ACTION ITEM
Word for word, retype the tail of the data below, starting with the line that has "The Crown Dissected" and including the last line.

INFORMATION
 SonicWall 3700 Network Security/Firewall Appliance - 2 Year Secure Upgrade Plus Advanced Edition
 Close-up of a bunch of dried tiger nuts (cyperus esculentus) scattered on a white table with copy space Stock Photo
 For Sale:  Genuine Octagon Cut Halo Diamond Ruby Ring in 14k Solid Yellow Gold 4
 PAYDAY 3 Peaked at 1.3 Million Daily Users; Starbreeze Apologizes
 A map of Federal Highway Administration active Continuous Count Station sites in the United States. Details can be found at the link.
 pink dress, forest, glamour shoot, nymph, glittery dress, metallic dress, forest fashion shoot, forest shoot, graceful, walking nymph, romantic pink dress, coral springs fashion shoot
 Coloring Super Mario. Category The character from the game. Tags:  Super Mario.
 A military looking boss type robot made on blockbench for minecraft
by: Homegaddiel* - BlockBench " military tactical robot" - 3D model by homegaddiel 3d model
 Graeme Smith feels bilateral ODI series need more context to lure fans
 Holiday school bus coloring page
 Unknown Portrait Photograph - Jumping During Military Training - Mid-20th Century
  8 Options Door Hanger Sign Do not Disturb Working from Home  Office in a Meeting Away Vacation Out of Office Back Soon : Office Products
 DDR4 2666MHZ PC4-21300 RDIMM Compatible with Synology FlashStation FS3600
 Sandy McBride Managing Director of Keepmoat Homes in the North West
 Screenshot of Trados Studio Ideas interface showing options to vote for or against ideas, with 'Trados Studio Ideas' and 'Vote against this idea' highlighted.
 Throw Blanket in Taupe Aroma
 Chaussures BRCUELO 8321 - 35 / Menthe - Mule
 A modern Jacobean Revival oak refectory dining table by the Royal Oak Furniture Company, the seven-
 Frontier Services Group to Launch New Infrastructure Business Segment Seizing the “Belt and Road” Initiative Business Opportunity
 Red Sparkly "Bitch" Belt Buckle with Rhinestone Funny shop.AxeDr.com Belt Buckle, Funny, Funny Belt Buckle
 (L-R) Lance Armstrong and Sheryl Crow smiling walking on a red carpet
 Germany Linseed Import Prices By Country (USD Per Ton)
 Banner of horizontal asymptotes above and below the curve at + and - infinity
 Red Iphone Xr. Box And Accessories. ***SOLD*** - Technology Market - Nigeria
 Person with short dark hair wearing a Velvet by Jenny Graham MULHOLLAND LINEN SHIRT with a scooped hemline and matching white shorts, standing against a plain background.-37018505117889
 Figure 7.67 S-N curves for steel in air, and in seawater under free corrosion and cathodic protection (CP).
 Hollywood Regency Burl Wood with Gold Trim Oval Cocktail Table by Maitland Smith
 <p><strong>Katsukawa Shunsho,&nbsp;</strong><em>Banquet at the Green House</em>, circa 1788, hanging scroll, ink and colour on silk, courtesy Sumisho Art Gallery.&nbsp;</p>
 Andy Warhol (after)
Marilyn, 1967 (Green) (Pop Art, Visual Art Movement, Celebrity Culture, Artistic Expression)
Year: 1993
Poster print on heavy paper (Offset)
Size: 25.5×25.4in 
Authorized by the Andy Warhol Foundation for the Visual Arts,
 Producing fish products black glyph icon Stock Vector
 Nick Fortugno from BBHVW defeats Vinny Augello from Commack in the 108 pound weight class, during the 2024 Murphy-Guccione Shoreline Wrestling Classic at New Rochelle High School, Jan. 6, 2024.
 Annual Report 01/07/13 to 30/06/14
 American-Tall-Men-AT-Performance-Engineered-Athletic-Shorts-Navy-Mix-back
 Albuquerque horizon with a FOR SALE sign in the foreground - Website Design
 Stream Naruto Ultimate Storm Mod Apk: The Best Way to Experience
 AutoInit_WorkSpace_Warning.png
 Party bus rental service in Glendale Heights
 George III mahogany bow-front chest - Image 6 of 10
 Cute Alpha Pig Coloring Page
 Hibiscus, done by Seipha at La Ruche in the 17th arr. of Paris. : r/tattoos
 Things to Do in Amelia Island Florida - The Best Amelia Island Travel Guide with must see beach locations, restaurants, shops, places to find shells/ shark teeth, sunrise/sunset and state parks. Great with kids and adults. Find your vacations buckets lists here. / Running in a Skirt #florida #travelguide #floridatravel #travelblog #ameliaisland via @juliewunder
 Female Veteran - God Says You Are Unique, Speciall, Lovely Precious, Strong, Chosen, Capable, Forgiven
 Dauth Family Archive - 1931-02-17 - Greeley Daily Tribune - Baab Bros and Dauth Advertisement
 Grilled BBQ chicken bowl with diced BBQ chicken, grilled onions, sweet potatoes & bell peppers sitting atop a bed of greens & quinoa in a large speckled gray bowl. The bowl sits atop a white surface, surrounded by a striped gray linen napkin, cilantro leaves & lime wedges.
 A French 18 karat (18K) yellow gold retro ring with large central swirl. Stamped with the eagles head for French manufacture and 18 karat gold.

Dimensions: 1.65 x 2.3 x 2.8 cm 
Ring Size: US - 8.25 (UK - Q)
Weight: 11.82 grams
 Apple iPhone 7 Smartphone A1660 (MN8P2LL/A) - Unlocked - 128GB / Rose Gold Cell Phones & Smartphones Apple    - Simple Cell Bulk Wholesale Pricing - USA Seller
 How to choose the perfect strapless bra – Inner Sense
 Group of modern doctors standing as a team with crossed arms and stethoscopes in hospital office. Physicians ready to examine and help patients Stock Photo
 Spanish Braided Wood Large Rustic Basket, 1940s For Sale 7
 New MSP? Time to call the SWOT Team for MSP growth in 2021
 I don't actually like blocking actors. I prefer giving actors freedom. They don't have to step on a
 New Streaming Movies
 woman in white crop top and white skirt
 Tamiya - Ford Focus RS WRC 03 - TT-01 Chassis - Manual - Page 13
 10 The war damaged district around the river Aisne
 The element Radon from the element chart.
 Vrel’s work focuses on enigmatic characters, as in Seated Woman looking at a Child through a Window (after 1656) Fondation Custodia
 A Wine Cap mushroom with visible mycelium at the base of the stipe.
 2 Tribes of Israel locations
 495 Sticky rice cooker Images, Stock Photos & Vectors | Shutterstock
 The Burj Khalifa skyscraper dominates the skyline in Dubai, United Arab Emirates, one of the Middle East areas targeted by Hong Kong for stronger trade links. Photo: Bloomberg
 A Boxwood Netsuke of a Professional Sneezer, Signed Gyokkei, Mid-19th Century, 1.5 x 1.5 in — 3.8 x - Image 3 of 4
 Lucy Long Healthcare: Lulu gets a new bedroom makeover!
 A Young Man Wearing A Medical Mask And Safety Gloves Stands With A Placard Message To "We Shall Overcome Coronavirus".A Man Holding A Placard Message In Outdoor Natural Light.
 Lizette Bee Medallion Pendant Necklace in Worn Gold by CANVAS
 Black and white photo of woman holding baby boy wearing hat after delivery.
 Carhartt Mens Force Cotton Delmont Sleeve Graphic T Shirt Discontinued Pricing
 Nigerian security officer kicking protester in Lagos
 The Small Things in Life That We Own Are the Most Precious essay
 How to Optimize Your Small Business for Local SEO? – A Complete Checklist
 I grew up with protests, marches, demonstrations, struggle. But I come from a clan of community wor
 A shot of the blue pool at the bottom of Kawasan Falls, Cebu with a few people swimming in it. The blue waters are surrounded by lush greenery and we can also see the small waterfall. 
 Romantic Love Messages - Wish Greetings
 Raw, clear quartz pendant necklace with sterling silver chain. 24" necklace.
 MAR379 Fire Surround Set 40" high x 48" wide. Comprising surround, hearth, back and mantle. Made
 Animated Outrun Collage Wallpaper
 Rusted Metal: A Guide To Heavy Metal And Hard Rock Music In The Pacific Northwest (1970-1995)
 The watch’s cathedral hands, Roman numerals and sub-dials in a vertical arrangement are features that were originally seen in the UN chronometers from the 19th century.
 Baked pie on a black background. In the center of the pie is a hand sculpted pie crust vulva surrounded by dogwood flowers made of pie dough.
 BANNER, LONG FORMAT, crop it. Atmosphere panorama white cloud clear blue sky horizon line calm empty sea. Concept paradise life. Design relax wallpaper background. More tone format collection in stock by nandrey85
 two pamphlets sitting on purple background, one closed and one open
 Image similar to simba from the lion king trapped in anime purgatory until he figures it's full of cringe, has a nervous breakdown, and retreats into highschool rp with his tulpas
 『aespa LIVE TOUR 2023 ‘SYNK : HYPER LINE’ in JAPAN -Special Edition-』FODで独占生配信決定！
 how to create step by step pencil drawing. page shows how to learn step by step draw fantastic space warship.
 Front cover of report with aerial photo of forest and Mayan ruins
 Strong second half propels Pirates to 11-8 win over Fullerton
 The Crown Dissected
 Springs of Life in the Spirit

WRITTEN SOLUTION
 The Crown Dissected
 Springs of Life in the Spirit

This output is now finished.